Texas Pastoral Group Upset Over Request for Sermons in Lawsuit

A Texas-based group that once called Houston’s first openly-gay mayor a “sodomite” has decided to get involved with a Georgia preacher and doctor suing over religious discrimination.Eric Walsh’s sometimes fiery sermons came to the attention of Georgia public health officials after he was conditionally offered a job in May 2014. During his time there, one of Walsh’s supervisors asked for links to a few sermons.

That’s what outraged the U.S. Pastor Council, which is based in Houston. The group has rushed to Walsh’s defense, saying no employer has a right to see notes of a pastor’s sermons.

“This poisonous mindset that has contempt for religious liberty and the Constitution crosses across geographical and partisan lines,” Pastor Dave Welch, executive director of the U.S. Pastor Council told Breitbart News . “If this can happen in a Bible Belt state with a Republican governor, it can happen anywhere.”

State officials deny they were “analyzing” Walsh’s sermons and religious beliefs. An email shared among state officials states that not hiring Walsh based on his sermons would made them no better than the person who sent videos of Walsh to state officials in an effort to have him dismissed.
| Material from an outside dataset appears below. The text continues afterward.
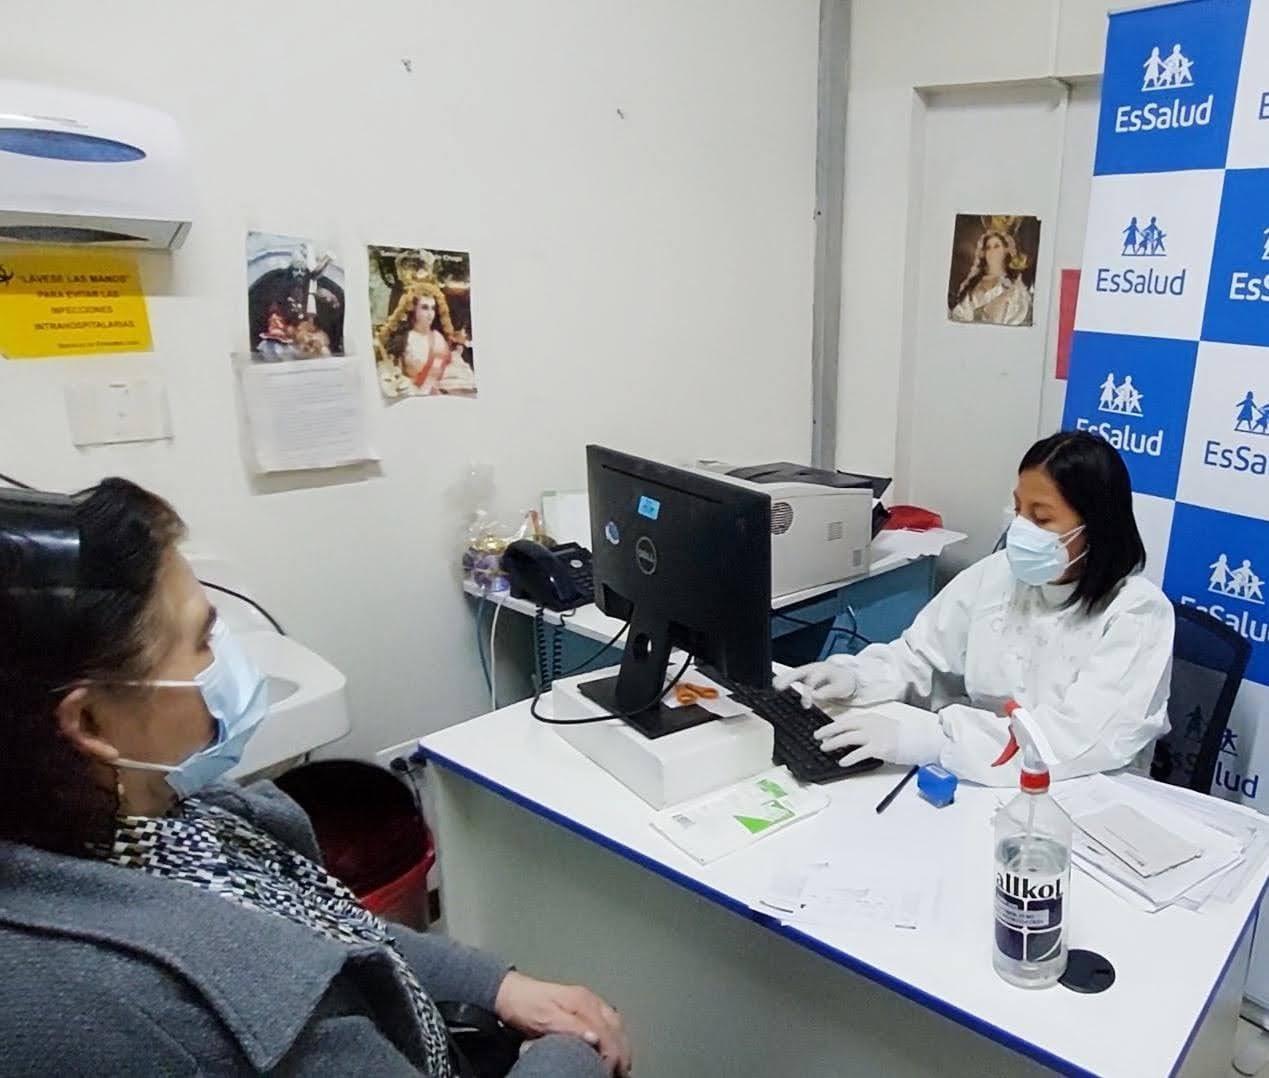 Essalud - EsSalud Arequipa recomienda ejercicios para prevenir osteoporosis

Walsh’s conditional employment ended in 2015 and he sued.

The U.S. Pastor Council has jumped into headlines before.

The group called former Houston Mayor Annise Parker, the city’s first openly-gay mayor, a “sodomite” and labeled gay people “forces of spiritual darkness.”

Welch joined with a group of social conservatives concerned about a “gay takeover” of city government. They also pushed to repeal an LGBT non-discrimination law recently in Plano, Texas.